_The task_: Every single record needs to be restated word for word.

_Supplied data_:
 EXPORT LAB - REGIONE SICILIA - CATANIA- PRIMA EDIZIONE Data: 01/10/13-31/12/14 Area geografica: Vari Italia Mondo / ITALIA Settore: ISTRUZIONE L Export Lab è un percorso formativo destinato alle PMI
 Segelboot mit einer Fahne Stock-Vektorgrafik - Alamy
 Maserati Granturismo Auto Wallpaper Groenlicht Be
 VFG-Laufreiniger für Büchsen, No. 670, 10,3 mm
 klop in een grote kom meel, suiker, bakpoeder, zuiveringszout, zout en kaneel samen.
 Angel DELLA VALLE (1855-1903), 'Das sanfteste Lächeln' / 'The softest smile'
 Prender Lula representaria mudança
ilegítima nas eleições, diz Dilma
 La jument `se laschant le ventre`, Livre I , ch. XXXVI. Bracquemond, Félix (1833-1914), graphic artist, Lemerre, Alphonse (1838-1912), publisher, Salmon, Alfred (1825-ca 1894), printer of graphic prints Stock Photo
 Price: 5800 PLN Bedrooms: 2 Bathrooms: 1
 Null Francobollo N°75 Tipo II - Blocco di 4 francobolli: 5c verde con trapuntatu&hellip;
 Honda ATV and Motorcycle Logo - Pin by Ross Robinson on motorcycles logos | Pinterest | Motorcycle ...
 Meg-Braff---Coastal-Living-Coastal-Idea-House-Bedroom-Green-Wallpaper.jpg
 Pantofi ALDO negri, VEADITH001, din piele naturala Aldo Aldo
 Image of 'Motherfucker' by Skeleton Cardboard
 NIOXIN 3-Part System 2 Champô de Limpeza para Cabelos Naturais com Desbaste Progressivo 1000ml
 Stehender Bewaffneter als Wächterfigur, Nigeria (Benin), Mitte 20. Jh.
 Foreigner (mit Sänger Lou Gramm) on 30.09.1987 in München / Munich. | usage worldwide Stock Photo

_Problem solution_:
 EXPORT LAB - REGIONE SICILIA - CATANIA- PRIMA EDIZIONE Data: 01/10/13-31/12/14 Area geografica: Vari Italia Mondo / ITALIA Settore: ISTRUZIONE L Export Lab è un percorso formativo destinato alle PMI
 Segelboot mit einer Fahne Stock-Vektorgrafik - Alamy
 Maserati Granturismo Auto Wallpaper Groenlicht Be
 VFG-Laufreiniger für Büchsen, No. 670, 10,3 mm
 klop in een grote kom meel, suiker, bakpoeder, zuiveringszout, zout en kaneel samen.
 Angel DELLA VALLE (1855-1903), 'Das sanfteste Lächeln' / 'The softest smile'
 Prender Lula representaria mudança
ilegítima nas eleições, diz Dilma
 La jument `se laschant le ventre`, Livre I , ch. XXXVI. Bracquemond, Félix (1833-1914), graphic artist, Lemerre, Alphonse (1838-1912), publisher, Salmon, Alfred (1825-ca 1894), printer of graphic prints Stock Photo
 Price: 5800 PLN Bedrooms: 2 Bathrooms: 1
 Null Francobollo N°75 Tipo II - Blocco di 4 francobolli: 5c verde con trapuntatu&hellip;
 Honda ATV and Motorcycle Logo - Pin by Ross Robinson on motorcycles logos | Pinterest | Motorcycle ...
 Meg-Braff---Coastal-Living-Coastal-Idea-House-Bedroom-Green-Wallpaper.jpg
 Pantofi ALDO negri, VEADITH001, din piele naturala Aldo Aldo
 Image of 'Motherfucker' by Skeleton Cardboard
 NIOXIN 3-Part System 2 Champô de Limpeza para Cabelos Naturais com Desbaste Progressivo 1000ml
 Stehender Bewaffneter als Wächterfigur, Nigeria (Benin), Mitte 20. Jh.
 Foreigner (mit Sänger Lou Gramm) on 30.09.1987 in München / Munich. | usage worldwide Stock Photo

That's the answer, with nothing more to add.